On this day: July 1

/on/july-1
1518 • neutral • 41 views

The 1518 Strasbourg Dancing Plague: the first documented outbreak of contagious dancing

Crowded medieval Strasbourg street scene in summer 1518: townspeople in period dress dancing in the roadway amid timber-framed houses and market stalls, with city officials and clergy observing from the periphery.

In July 1518, residents of Strasbourg (then in the Holy Roman Empire) experienced a sudden outbreak of uncontrollable dancing that lasted weeks and affected dozens; contemporary records describe people dancing in the streets until exhaustion, illness, or death.

Read
1518 • neutral • 48 views

The 1518 Strasbourg Dancing Plague: Europe's first well-documented mass hysteria

Crowded late-medieval Strasbourg street scene with people dancing or collapsing; timber-framed houses and onlookers in period dress, no identifiable faces.

In July 1518, residents of Strasbourg (then in the Holy Roman Empire) experienced a prolonged outbreak of compulsive dancing, later recorded by municipal and medical sources and often cited as the earliest well-documented case of mass psychogenic illness.

Read
Year unknown • neutral • 37 views

The 1518 Strasbourg Dancing Plague: a mass movement in late medieval Alsace

Crowded 16th-century Strasbourg street with several people moving or dancing unusually, civic buildings and onlookers in period dress; scene implies communal disturbance without identifiable faces.

In July 1518, residents of Strasbourg (then in the Holy Roman Empire) experienced a weeks-long outbreak of involuntary, sustained dancing and convulsions affecting dozens to possibly hundreds; contemporaries offered varied explanations from divine wrath to natural causes.

Read
1518 • neutral • 34 views

The 1518 Strasbourg Dancing Plague: A mass movement of involuntary dance

Early 16th-century Strasbourg street scene with townspeople dancing in a public square; wooden buildings, carts, and onlookers in period dress.

In July 1518, dozens of Strasbourg residents began dancing uncontrollably in the streets for days; contemporary records describe a spreading phenomenon later termed a 'dancing plague', whose causes remain debated among historians and medical researchers.

Read
Year unknown • neutral • 25 views

Oscar-class Submarine Reportedly Sinks During Russian Naval Exercise

A large Soviet-era Oscar-class submarine at sea during a naval exercise; low, grey hull with missile compartment silhouette and escort ships on the horizon under overcast sky.
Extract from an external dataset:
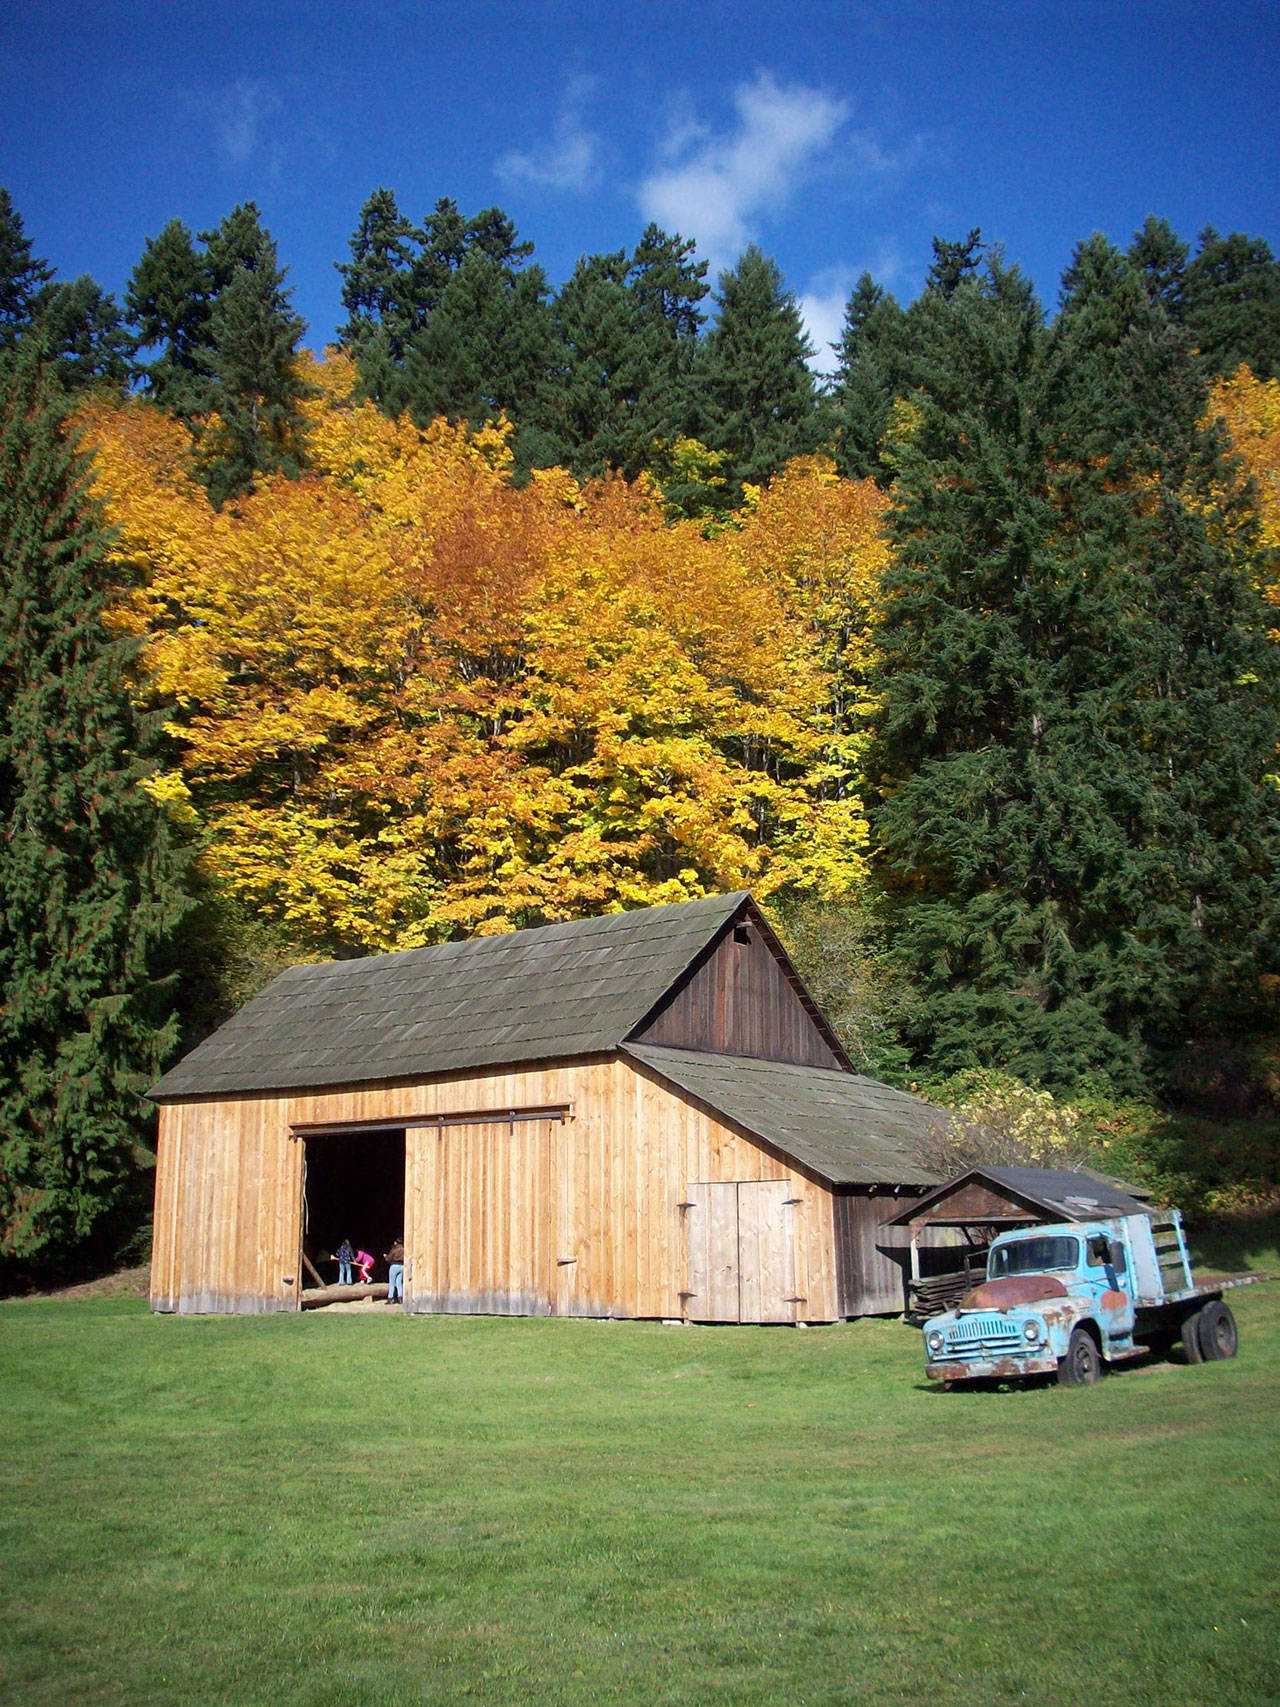 Beautiful Mary Olson Farm on Green River Road is operated as a partnership between the White River Valley Museum and the City of Auburn. It is said to be King County’s best preserved subsistence farm and has been fully restored. COURTESY PHOTO, WRVM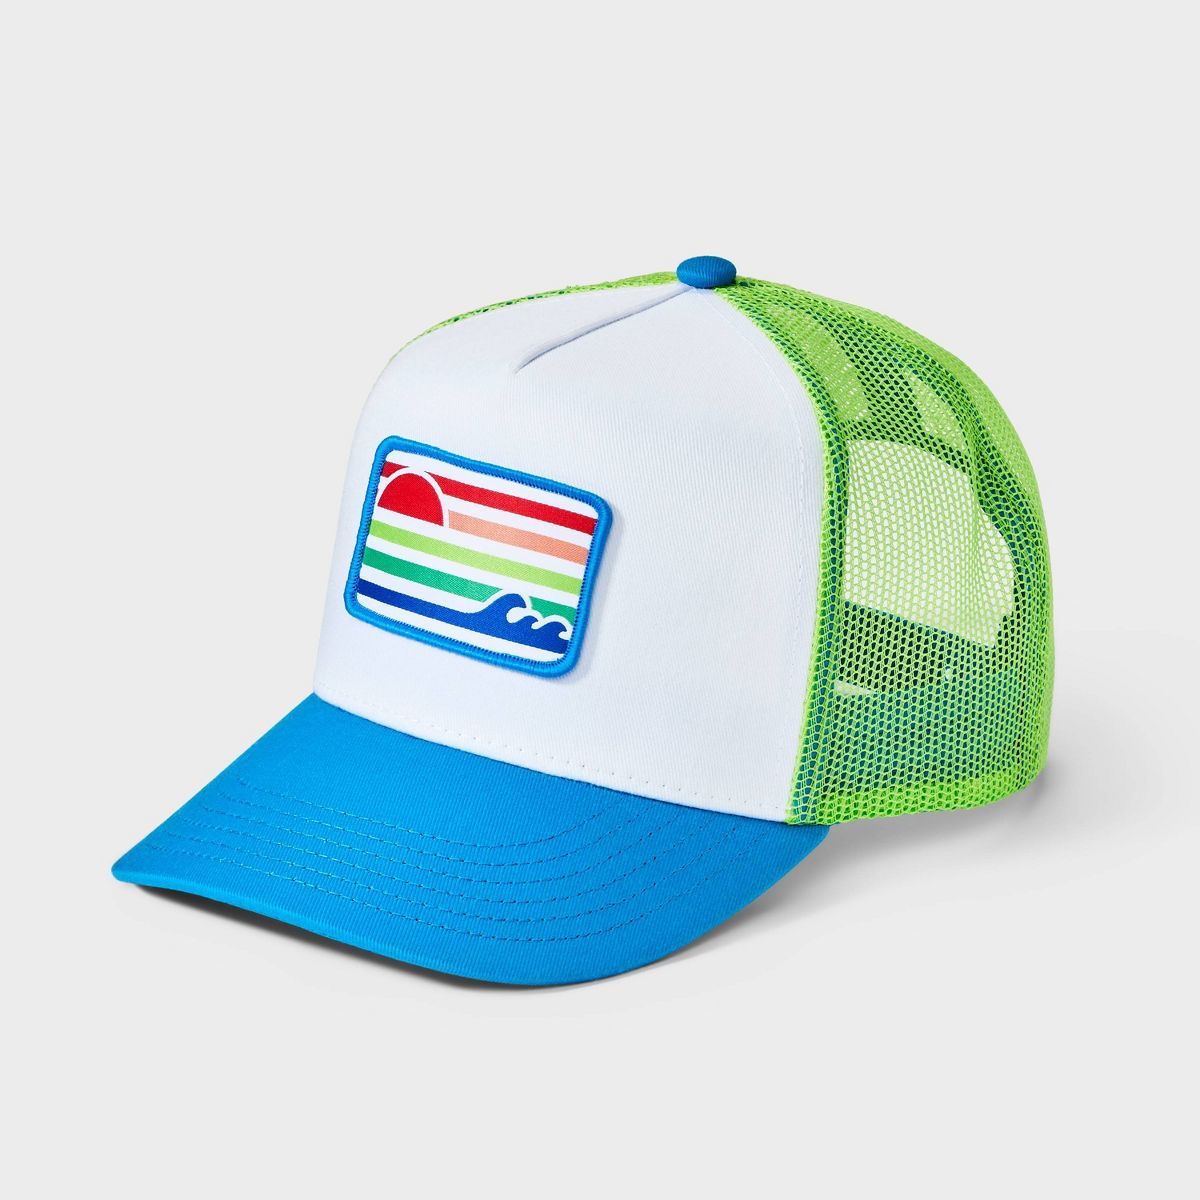 Boys' Trucker Hat with Sunset Patch - Cat & Jack™ Turquoise Blue | Target

A Russian Oscar-class guided-missile submarine is reported to have sunk during naval exercises on July 1 in an incident with limited confirmed details; official sources and independent verification remain sparse.

Read
2000 • neutral • 40 views

Russian Oscar-class Submarine Sinks During 2000 Naval Exercise

An Oscar-class Russian nuclear-powered cruise missile submarine at sea, seen from a distance with naval support ships nearby; overcast sky and calm waters.

On 1 July 2000 an Oscar-class Russian nuclear-powered cruise missile submarine sank during a Black Sea training exercise; the incident caused casualties and prompted official investigations into safety and crew procedure.

Read
1977 • neutral • 40 views

British punk erupts after heated 1977 TV appearance

Crowded late-1970s London club exterior at night with young people in punk-influenced clothing — DIY jackets, safety pins, distinctive hairstyles — gathered under streetlamps and shopfronts.

A contentious television spot in July 1977 — widely reported as inflammatory toward mainstream Britain — accelerated public attention and media coverage of the burgeoning UK punk scene, intensifying debates about youth culture, music and social unrest.

Read
1917 • neutral • 48 views

U.S. Implements Large-Scale Draft as World War I Intensifies

Young American men in 1917 civilian clothing assembling outdoors before processing into a wartime training camp; tents, horse-drawn wagons and wooden camp structures visible.

On July 1, 1917, the United States began large-scale conscription under the Selective Service Act to raise forces for the escalating conflict in Europe, marking a major shift from a small volunteer army to mass mobilization.

Read
1971 • neutral • 41 views

Supreme Court Expands Abortion Rights in 1971 Ruling

A courtroom interior of the U.S. Supreme Court building from the early 1970s, showing empty benches and an American flag, suggesting legal deliberation over reproductive rights.

On July 1, 1971, the U.S. Supreme Court issued a decision that broadened constitutional protection for abortion access, marking an important step in the legal trajectory that culminated in later landmark rulings. The case reshaped how courts evaluate state restrictions on abortion.

Read

© 2026 Weird History Daily • True & factual weird history.